European Union antitrust regulators are poised to make a crucial ruling by Friday regarding the proposed acquisition by online luxury retailer Farfetch of a stake in its rival YNAP, owned by Cartier’s parent company, Richemont. However, this deal is encountering complications due to the mounting challenges facing Farfetch.
Farfetch, a U.S.-listed company known for pioneering an innovative online luxury retail model, has struggled to reach profitability. High technology and marketing costs have contributed to this challenge. Additionally, the company is grappling with reduced orders from U.S. retailers and an increasing reliance on brand-provided inventory, limiting its ability to attract customers through promotions.
Over the past two years, Farfetch’s shares have seen a dramatic decline of over 90%, causing its market capitalization to plummet from $26 billion to just over $1 billion. In August, the company faced a 40% drop in share value following a gloomy annual sales outlook, primarily due to weaker demand in key U.S. and Chinese markets.

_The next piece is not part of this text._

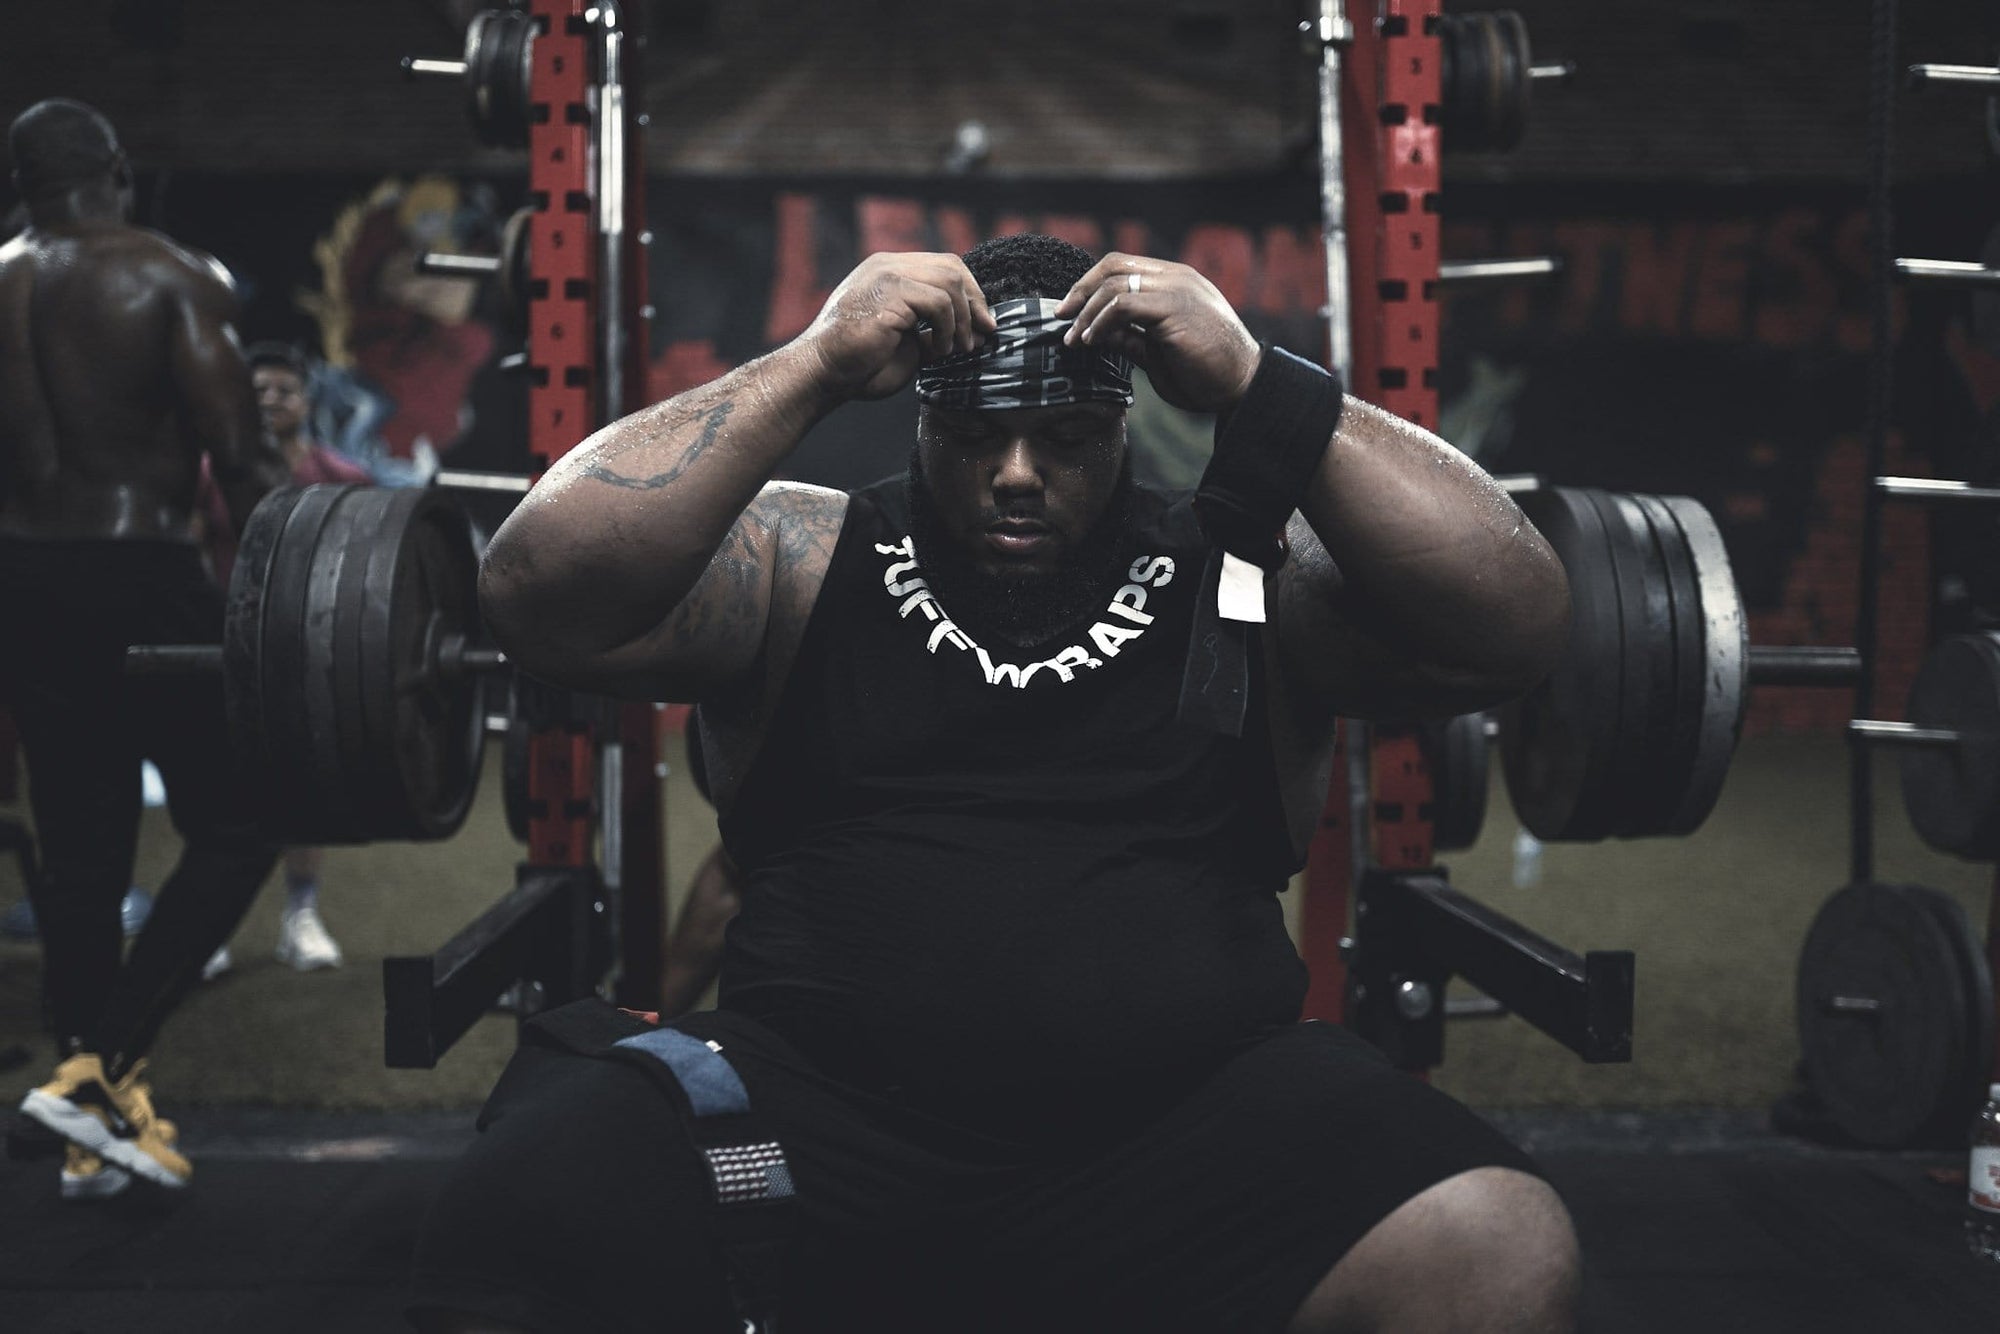 Julius Maddox Does The Impossible, 700 lb Bench Press for 3 Reps!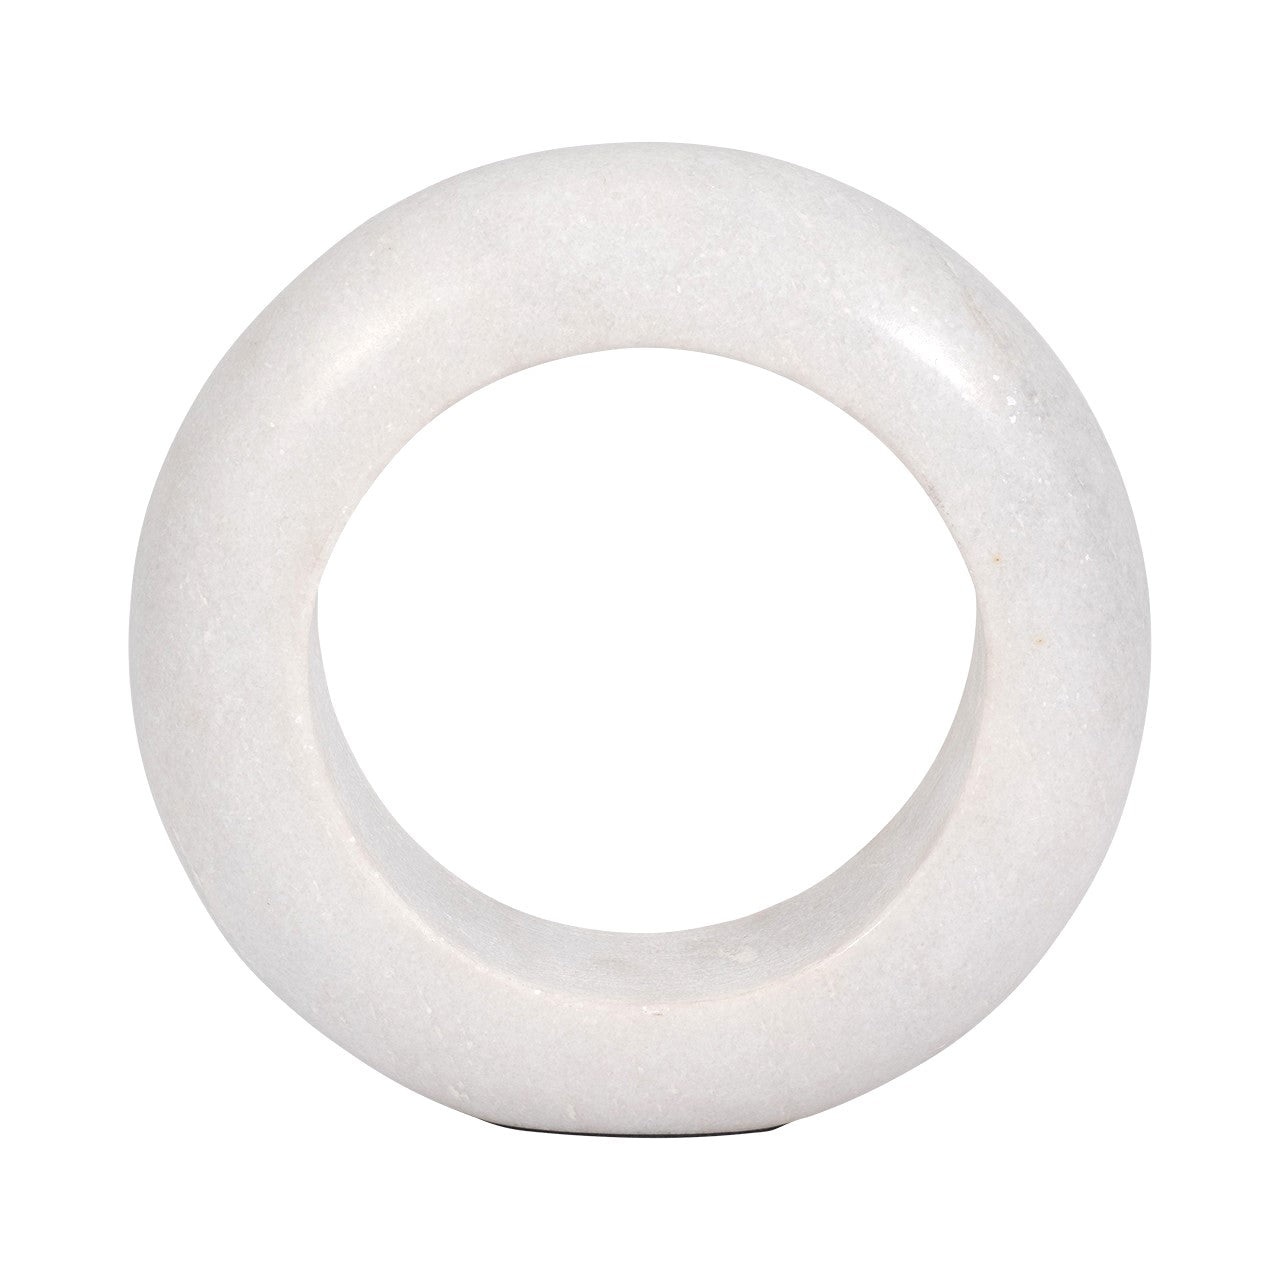 MARBLE RING TABLETOP DECOR

Richemont’s announcement to sell a 47.5% stake in YNAP in exchange for more than 50 million Farfetch shares was made in August 2022, leading to a significant 2.7 billion euro ($2.9 billion) writedown for the Swiss conglomerate.
As part of this deal, Farfetch has the option to acquire the remaining shares in YNAP through a put and call option scheme.
The EU’s competition authority has the discretion to approve the deal with or without specific conditions or initiate a four-month investigation if substantial concerns arise.
Analysts at Bernstein have highlighted that Farfetch’s ongoing difficulties raise questions for Richemont, which, under the agreement, plans to transition its online business to a technology managed by Farfetch and provide a $450 million credit facility. This move will further integrate Richemont with the online retailer.
Bernstein stated, «There are various elements to this deal, and Farfetch could potentially overcome its challenges by narrowing its focus. Nevertheless, it will continue to impact Richemont’s share price until they address investor concerns about the extent of their commitment to support their new partner.»
The challenges faced by Farfetch could potentially have a ripple effect on an industry already facing difficulties. Over 500 Italian boutiques rely on the platform, and renowned department stores like Harrods and Bergdorf Goodman depend on its technology.